In an Honors or AP course, lenses and mirrors are covered both quantitatively and qualitatively. This means that students must be able to draw ray diagrams to show the location and size of an image; AND they must be able to calculate image position and size using equations.
The trick to teaching geometric optics at this level is to ignore the calculational piece. Let the students figure out on their own how to use the calculator to solve the thin lens equation. Instead, practice drawing ray diagrams; and practice identifying the signs of each term in the relevant equations.
How I teach ray diagrams:
I only teach two principal rays for each optical instrument. Why? Simplicity. Student difficulty in geometric optics does not come from the concepts themselves; the trouble is that all these lenses, mirrors, principal rays, objects, images, arrows, blend together.
So for mirrors, I teach two rays only: Parallel rays reflect to or from the focal point; rays toward the focal point reflect parallel to the principal axis. For lenses, parallel rays either converge to or diverge from a focal point; rays through the center are unbent.
When the class practices drawing ray diagrams, I make them use these templates that I sketched out. (Can you tell I flunked art class in seventh grade?) The point is twofold: the templates force the students to use a full page for each diagram rather than cramming the diagram into a corner; and the rough sketch of the curved mirror saves the students from wasting all sorts of time using compasses or large circular objects to draw the mirror.*
* Seriously, before I used the template, a single mirror diagram could take a perfectionist student half an hour to complete, because he would obsess over the precision of the circular mirror shape.

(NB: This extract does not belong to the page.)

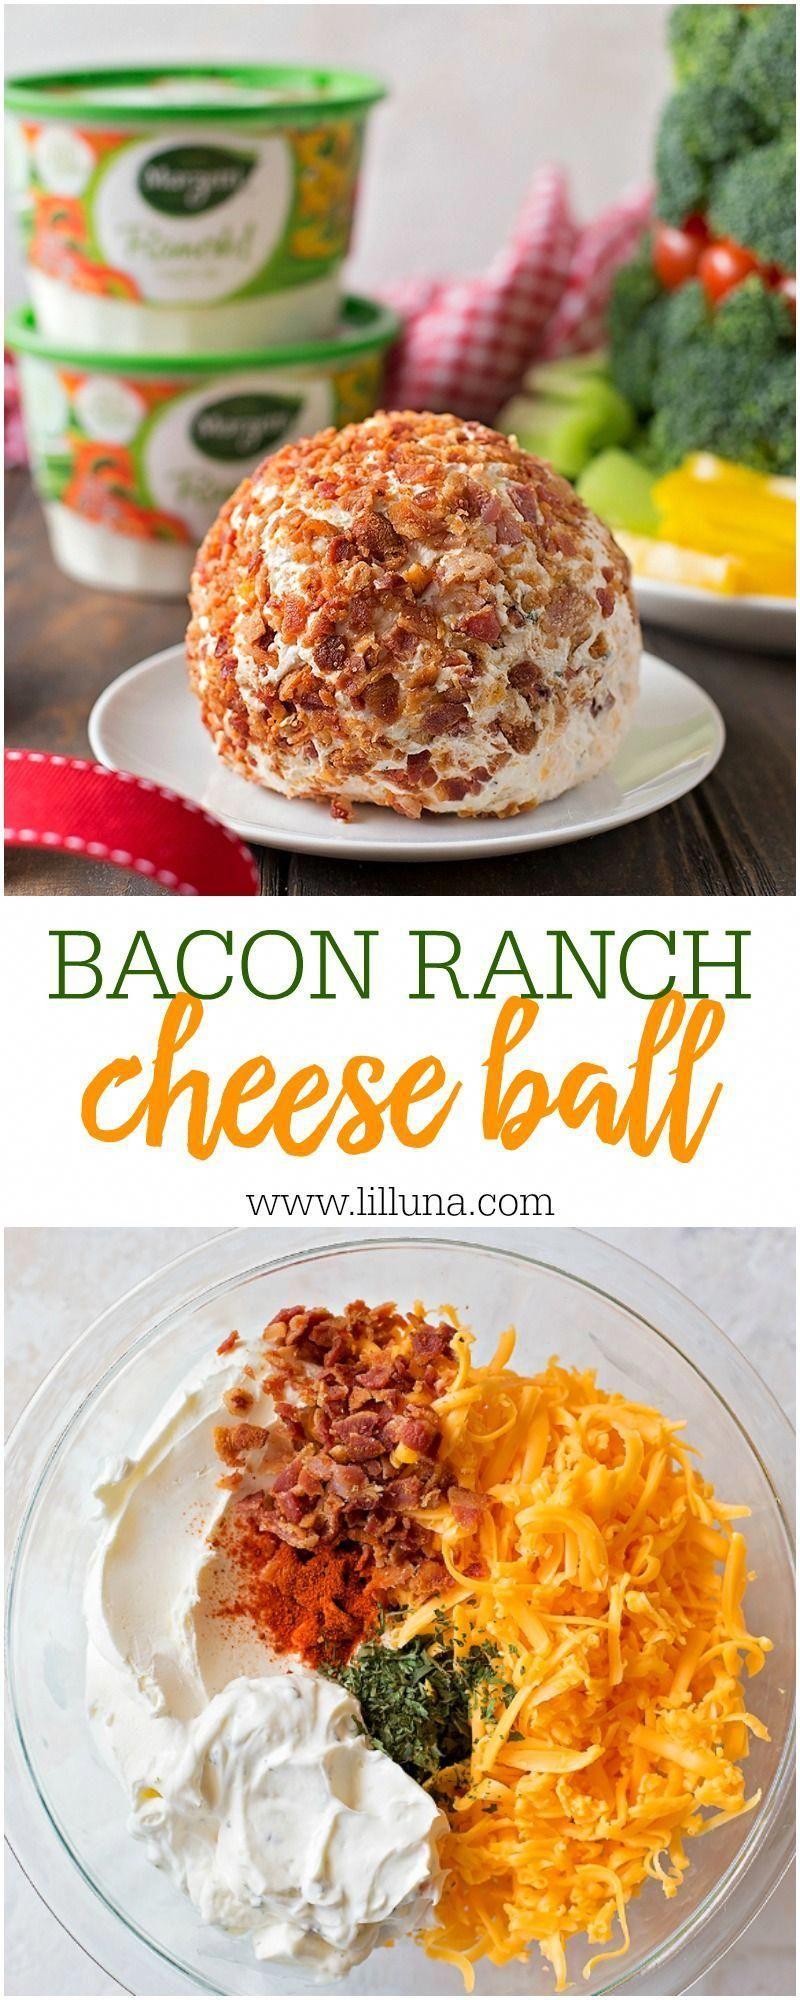 Bacon Ranch Käseball Rezept  VIDEO  Lil 39Luna Bacon Ranch Käseball Rezept  VIDEO  Lil Luna

We identify by measurement the five relevant variables on each ray diagram: image distance, object distance, focal length, image height, and object height. I've pre-drawn a table in the corner listing these variables in a column begging to be filled in. The students get used to measuring di, do, and f along the principal axis, starting from the mirror or lens.
Here, the trick is to require the students to include a sign for each entry. What students think of as their failure to solve the thin lens equation correctly is almost never a true "math error:" rather, they generally screw up the signs of the terms in the equation. So instead of practicing the calculation, we practice identifying signs.
To simplify the conventions:
* converging instruments have positive focal length; diverging instruments have negative focal length.
* real images have positive image distance; virtual images have negative image distance.
* all object distances are positive [at this level].
* object and image heights are positive above the principal axis, negative below the principal axis.
I emphasize that for this exercise, a value without a sign is automatically marked wrong. If a quantity is positive, I must see a + sign. Otherwise, it's way too easy for a student to get most of the available credit by just putting numbers in the table; "oh, you know I meant positive, give me credit" is a disingenuous complaint when the whole point of the exercise is to force students NOT to assume that every measurement should be plugged in to the equation as positive.
It's worth practicing these diagrams for all four optical instruments until the students are bored with them. Then optics questions on an AP or final exam will be thought of as free points.